Re: [Htmlparser-user] regarding using not filter
Brought to you by:
derrickoswald
From: Derrick O. <Der...@Ro...> - 2006-01-16 23:10:11
|
The filter isn't going to re-arrange your page for you. The best you can do is get the list of tags and then remove them from their parent's child list: for (int i=0; i < arr.length; i++) { filter1 = new TagNameFilter (arr[i]); filter2 = new NotFilter (filter1); NodeList x = n.extractAllNodesThatMatch (filter2); for (int j = 0; j < x.Length; j++) { Node tag = x.elementAt (j); tag.getParent ().getChildren ().remove (tag); } } or something like that.

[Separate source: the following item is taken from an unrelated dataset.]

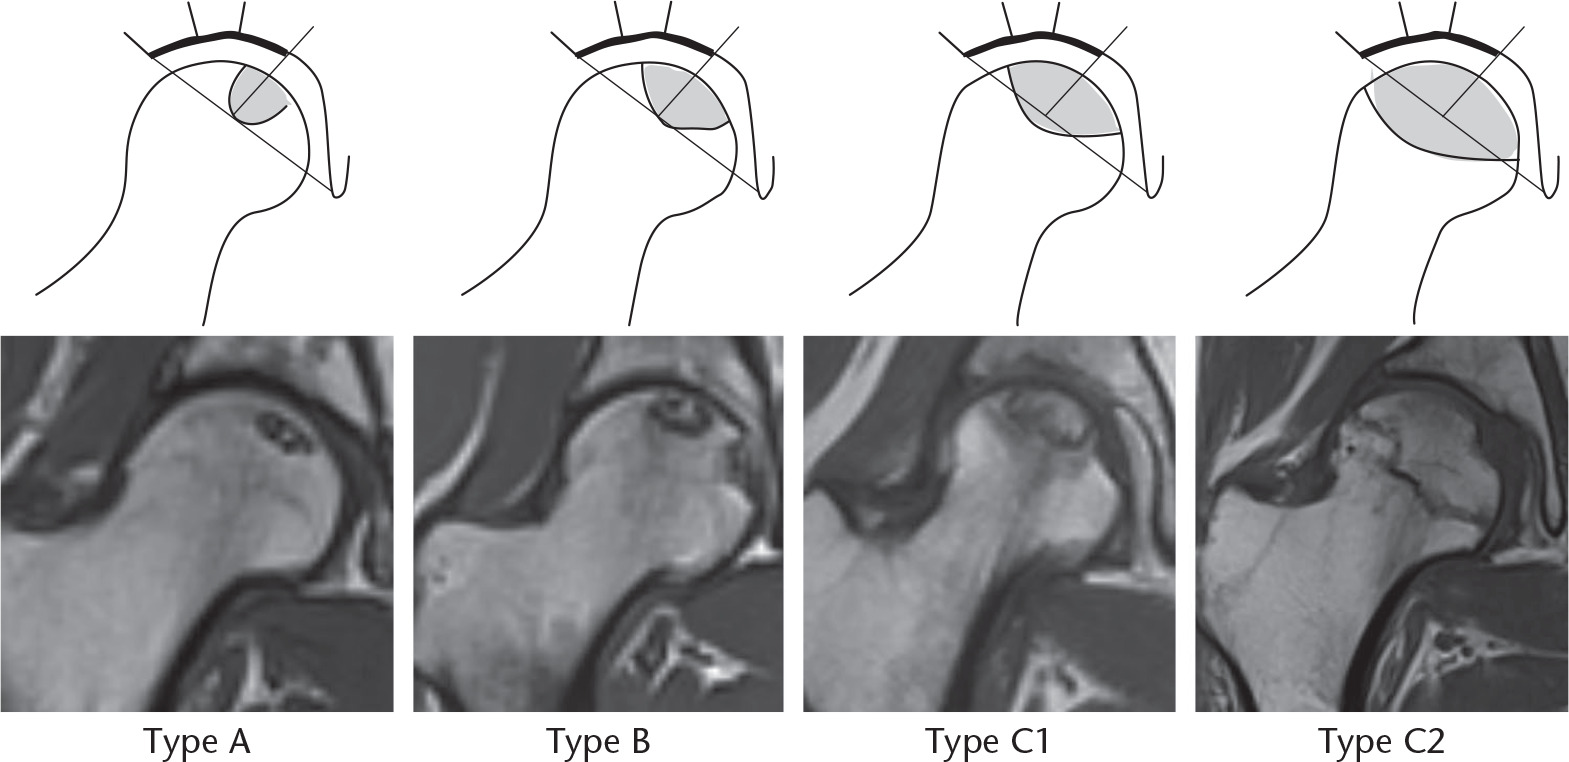 Fig. 1 
          Schematic representation of T1-weighted MRIs of the 2001 revised Japanese Investigation Committee classification system20 based on type. The classification schema comprises four types (A, B, C1, and C2). Type A involves the smallest osteonecrotic lesions of the four types (present only in the medial one-third, or less, of the weightbearing surface). Type B involves osteonecrotic lesions present in the medial two-thirds, or less, of the weightbearing surface. Type C1 lesions are characterized by an osteonecrotic zone that spans more than the medial two-thirds of the weightbearing surface at the acetabular edge. Type C2 involves the largest osteonecrotic zone that spans more than the medial two-thirds of the weightbearing surface and exceeds the acetabular edge.

No guarantees about removing something that's already been removed though. Srikrishna Swaminathan wrote: > hi, > my name is srikrishna,i am a college student. > i am quiet new to html parser. > i am trying to use html parser to filter out certain tags in a html page. > with not filter i am able take out tags like script,img. > but the problem is that the tags are removed only if they outside any > other tags. > eg:if there is an img tag inside an table or td tag,the img tag is not > removed. > i dont want to remove the table or td tag,but i want to remove the > img,script tags inside the table tags. > the initial code i wrote was: > > String[]arr=new > String[]{"img","input","br","span","script","noscript","b","a href",}; > try{ > > Parser parser = new Parser (); > parser.setURL ("targetin.html"); > NodeList n = parser.parse(null); > NodeFilter filter1 = null; > NotFilter filter2 = null; > for(int i=0;i<arr.length;i++){ > filter1 = new TagNameFilter (arr[i]); > filter2 = new NotFilter(filter1); > n = n.extractAllNodesThatMatch(filter2); > } > String s1=n.toHtml(); > > This code removes all tags,outside table,tr,td tags.but if they are > inside a table tag,it is not able to do it. |